▶ _DATA EXCERPT_
::::::::::
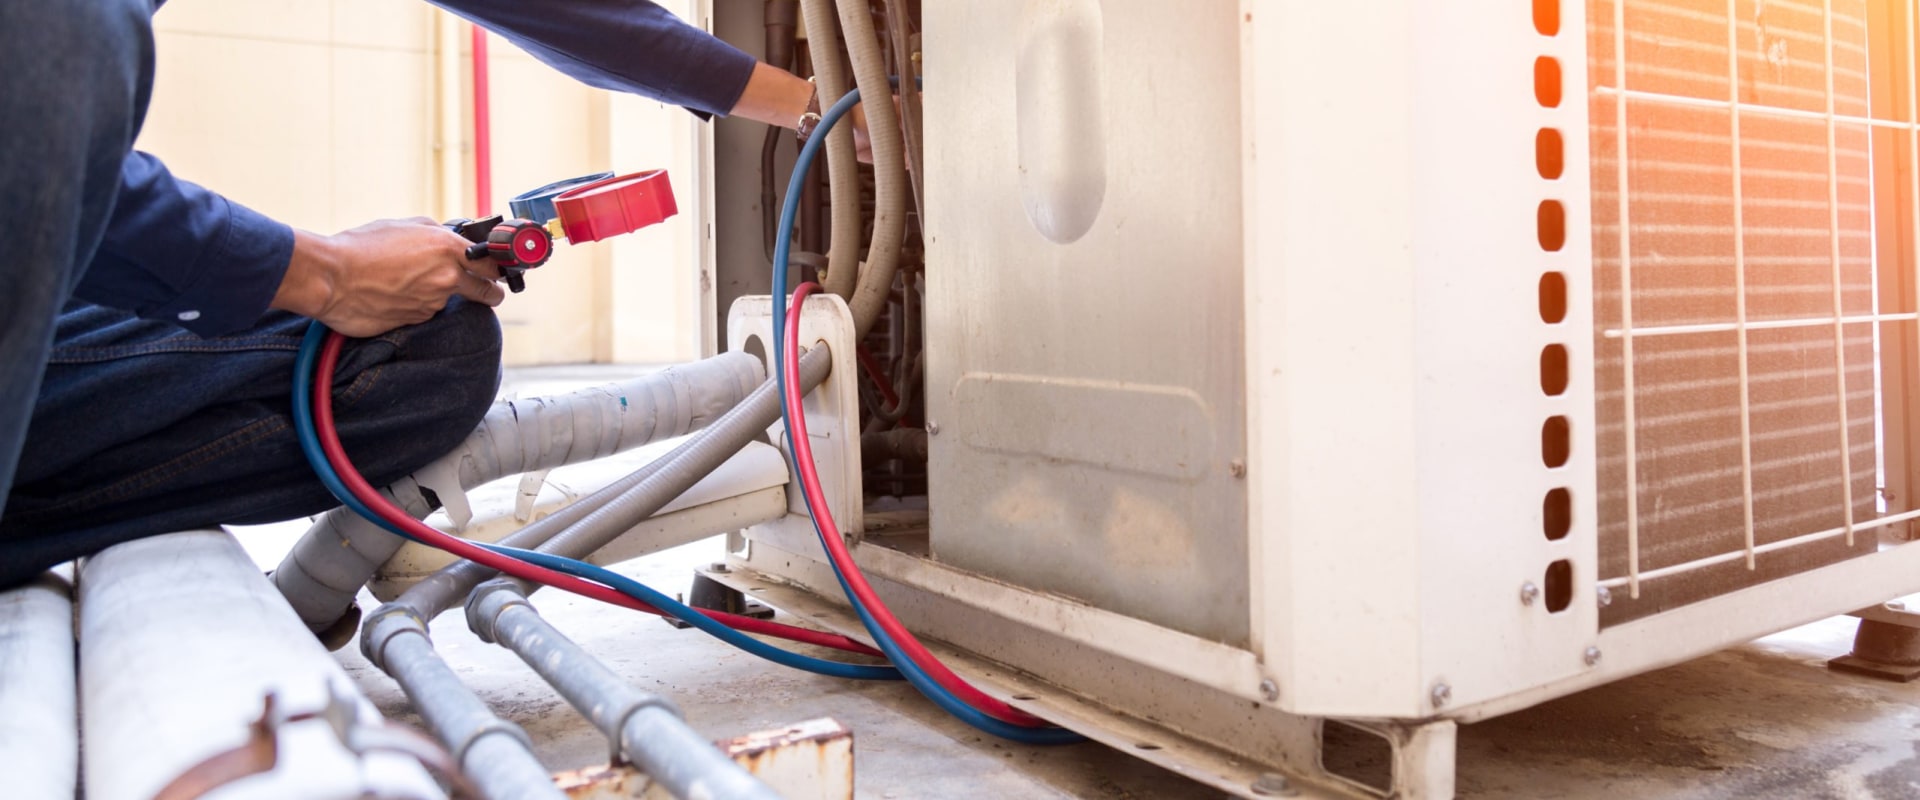 How to Easily Find a Reputable HVAC Maintenance Company Near You
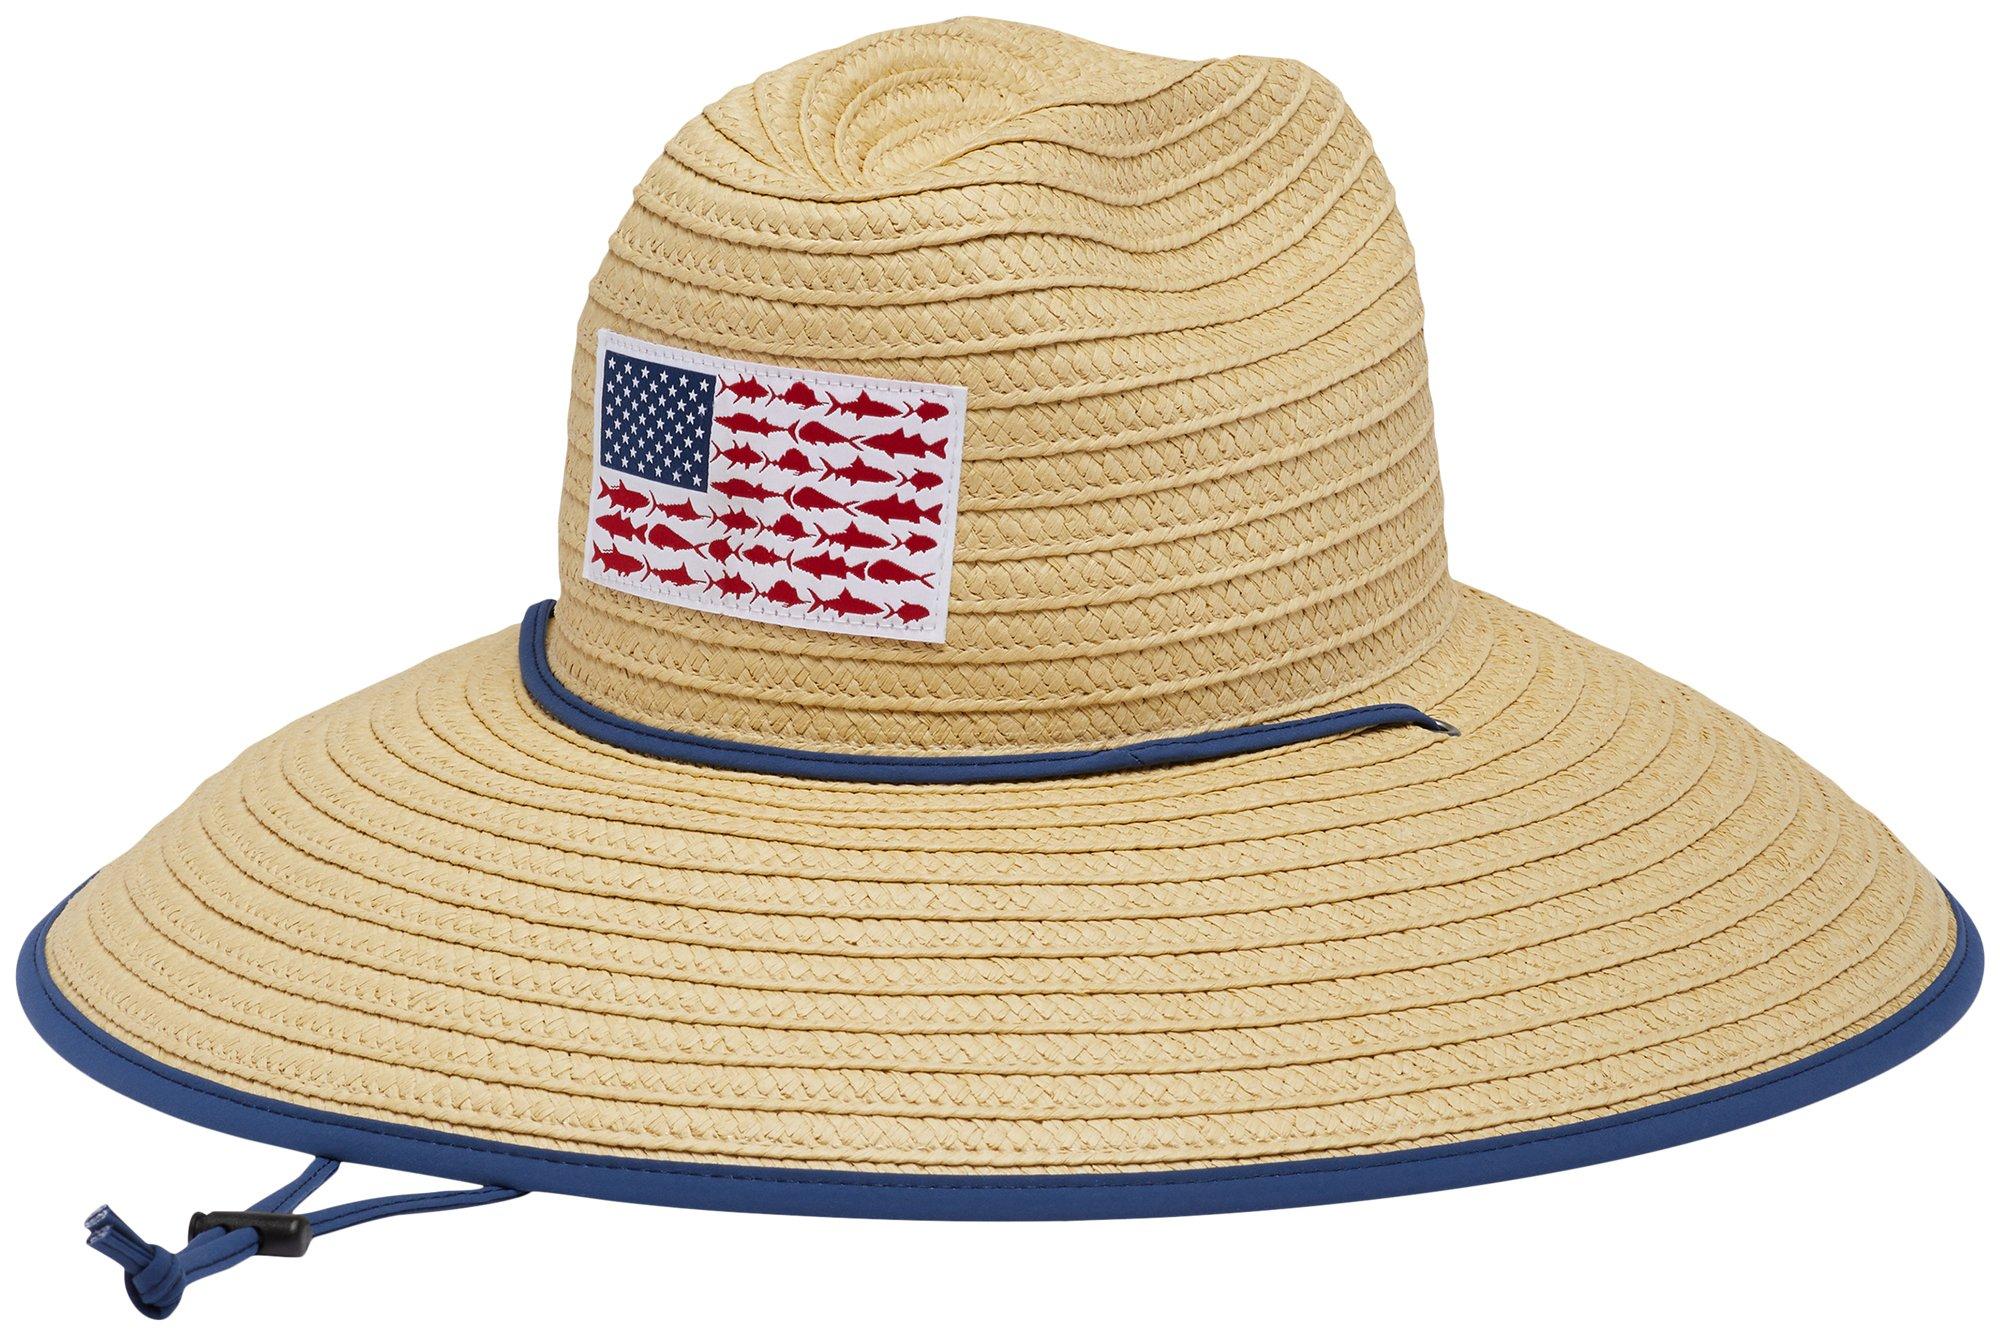 Americana Applique Straw Lifeguard Hat
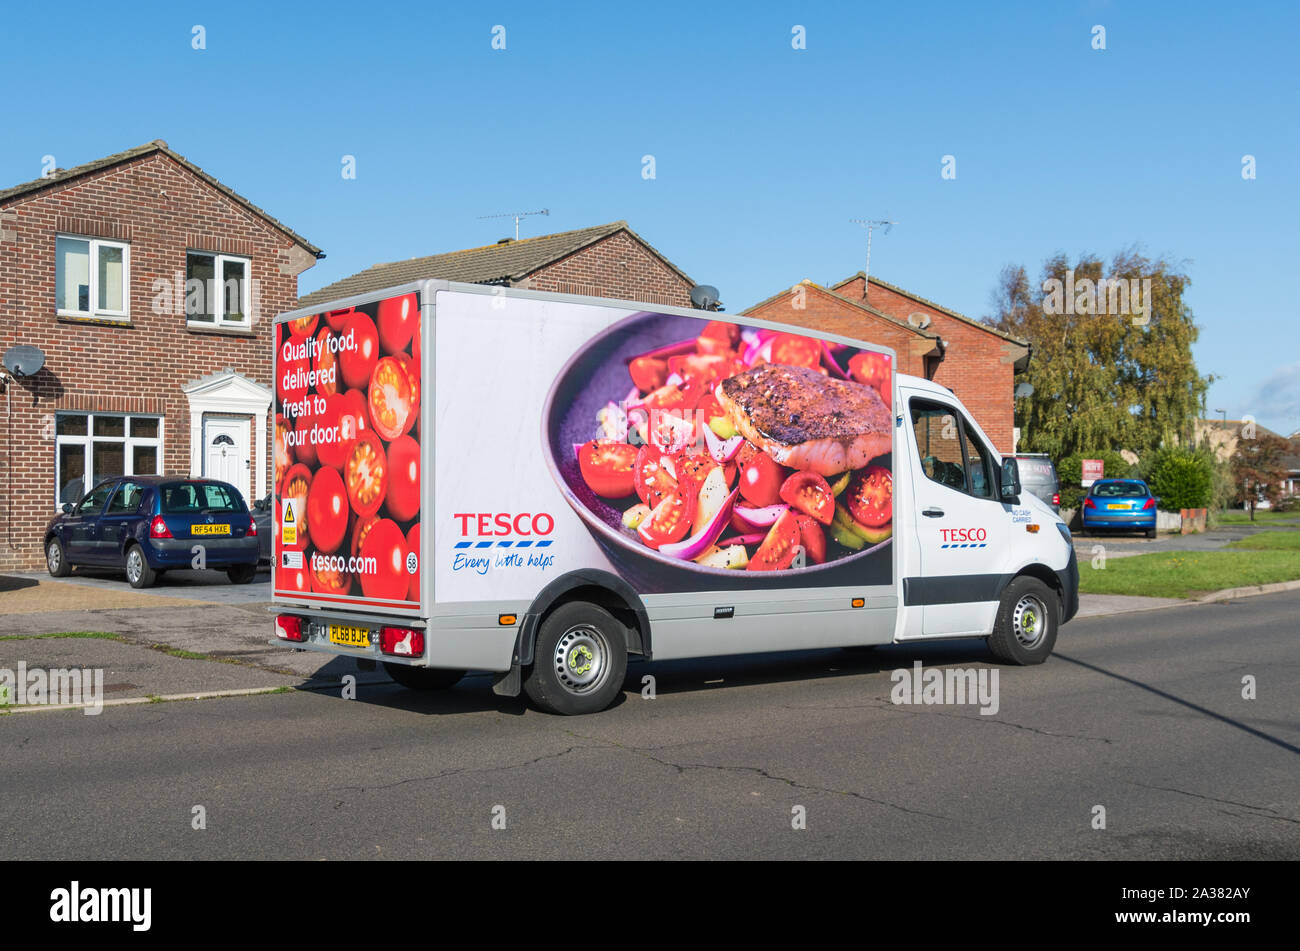 Tesco van liefert Lebensmittel in West Sussex, England, Großbritannien. Tescos Lebensmittelgeschäft Lieferwagen. Stockfoto
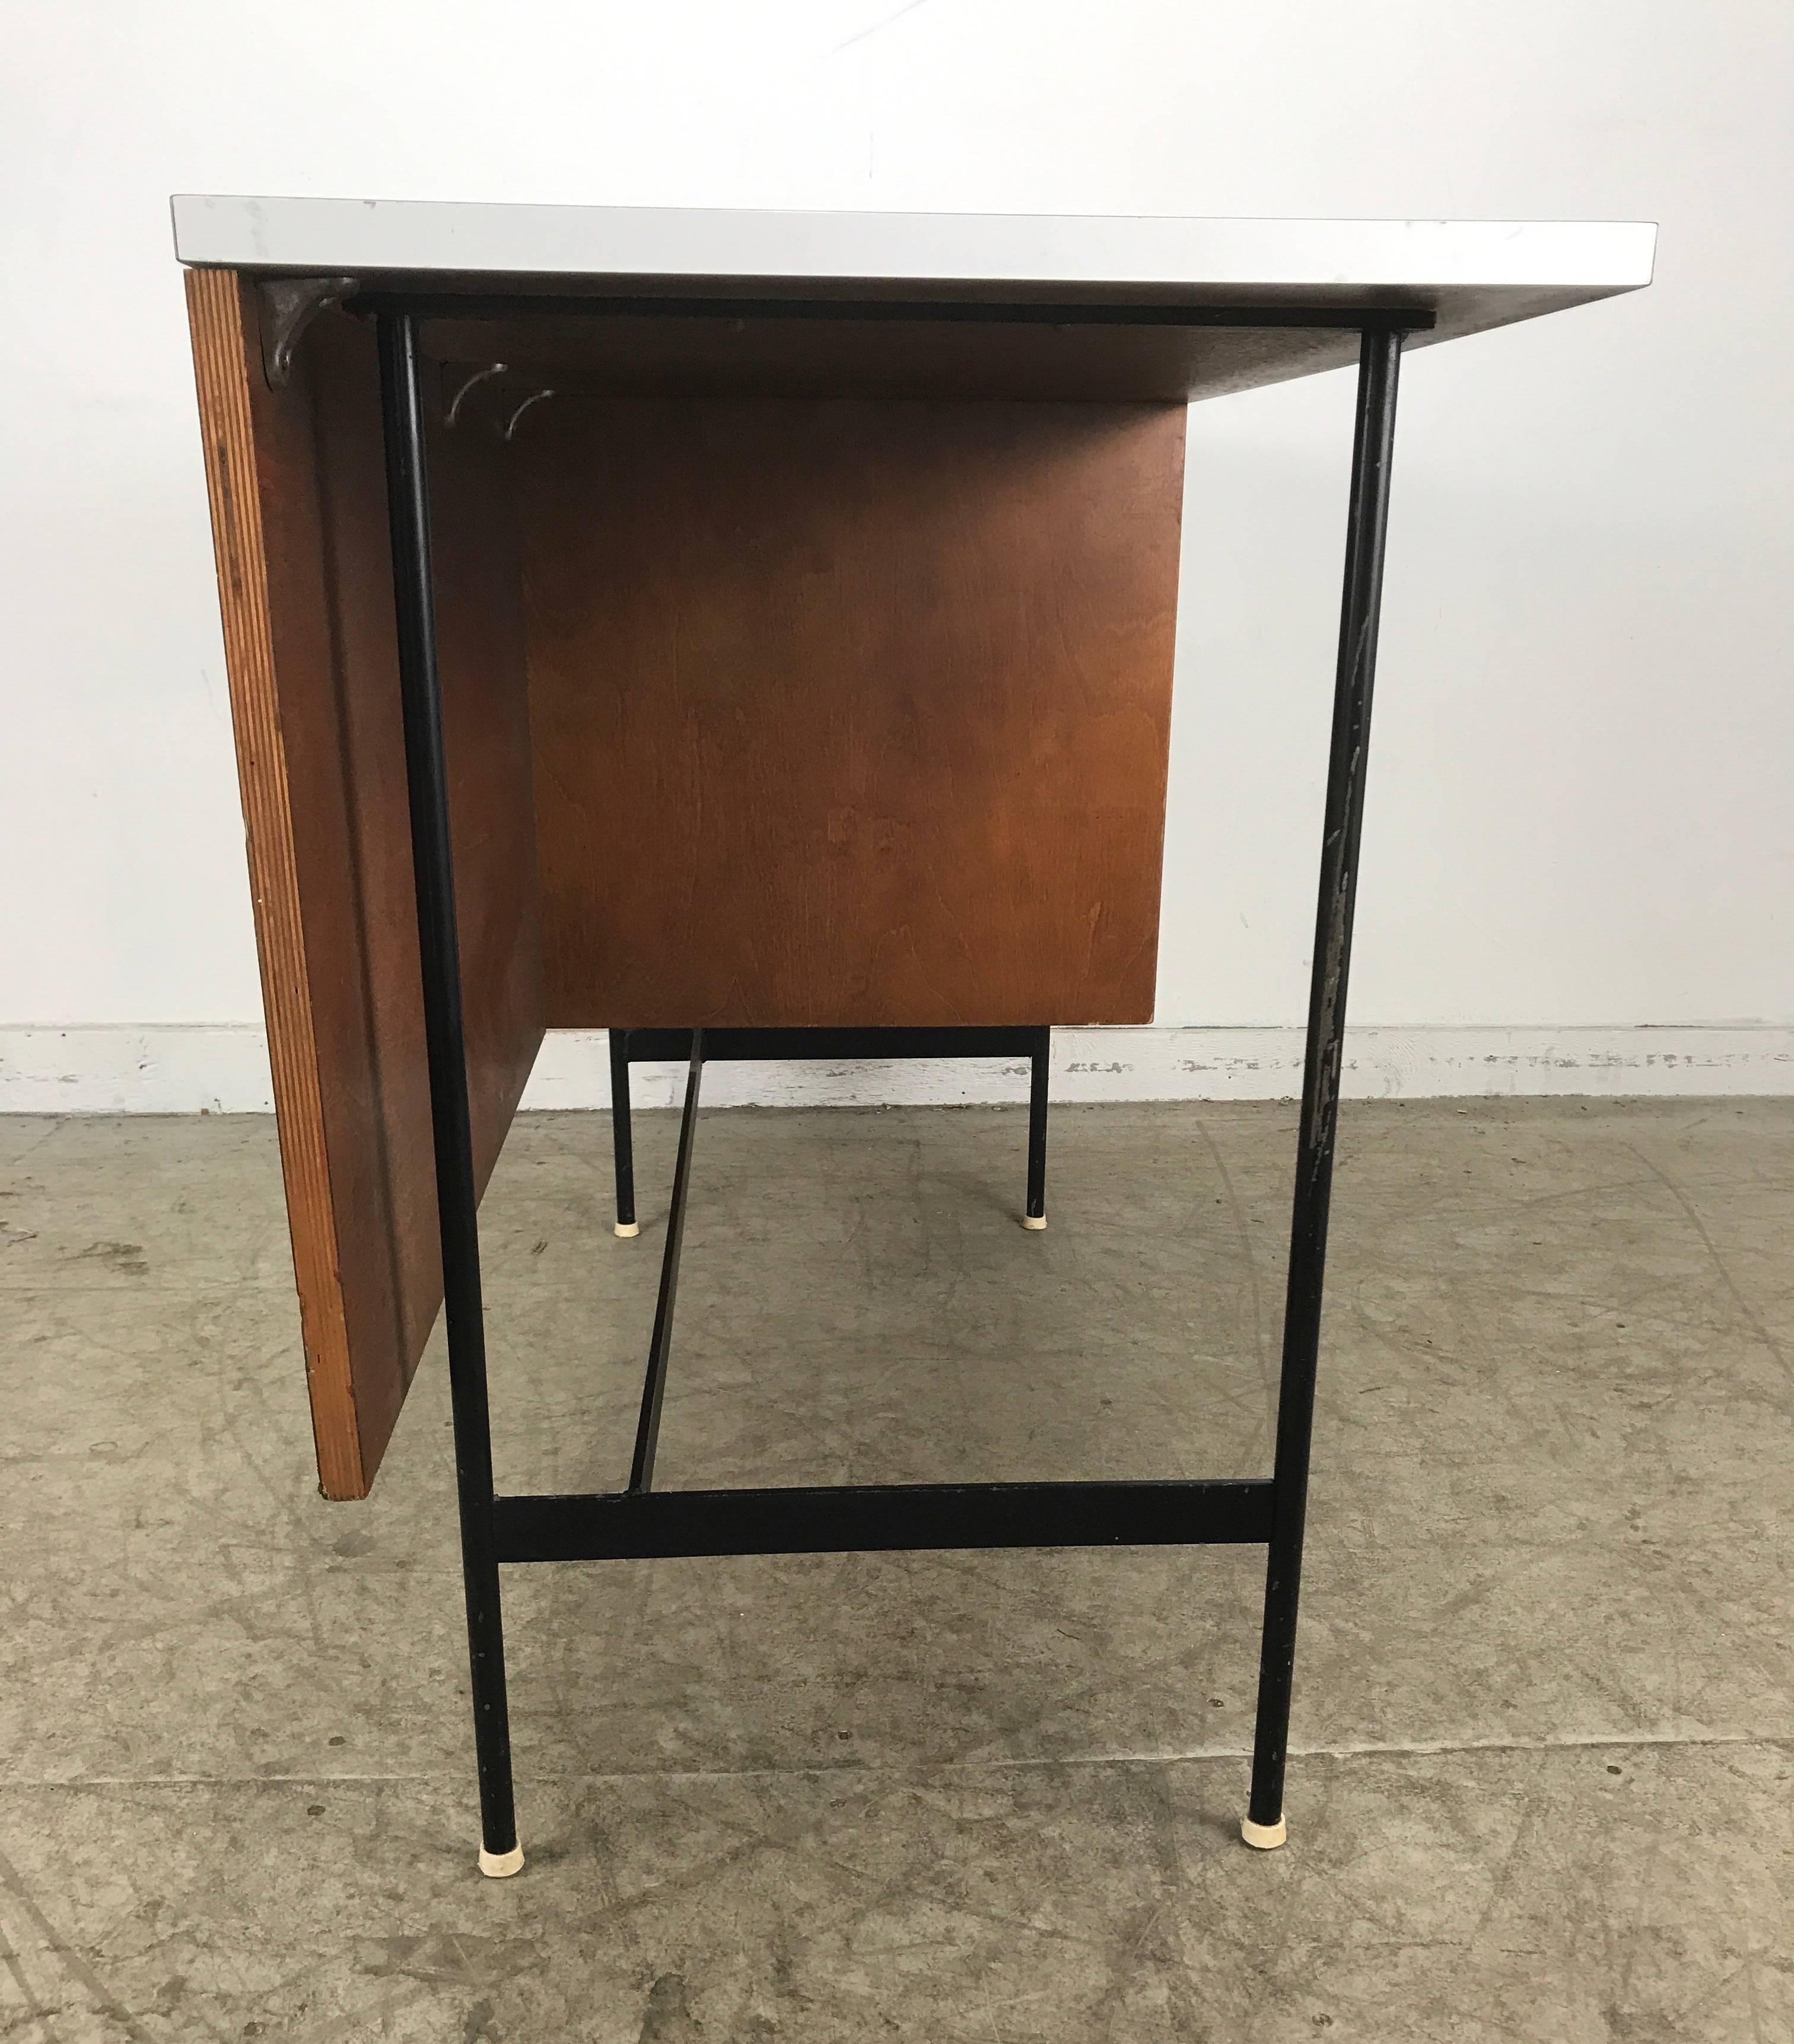 American Classic Mid-Century Modern Desk by Thonet Manner of Finn Juhl
::::::::::
▶ _TASK PROMPT_
A faithful copy of all the data above, without its pictures, is the expected result.

▶ _EXERCISE ANSWER_
 How to Easily Find a Reputable HVAC Maintenance Company Near You
 Americana Applique Straw Lifeguard Hat
 Tesco van liefert Lebensmittel in West Sussex, England, Großbritannien. Tescos Lebensmittelgeschäft Lieferwagen. Stockfoto
 American Classic Mid-Century Modern Desk by Thonet Manner of Finn Juhl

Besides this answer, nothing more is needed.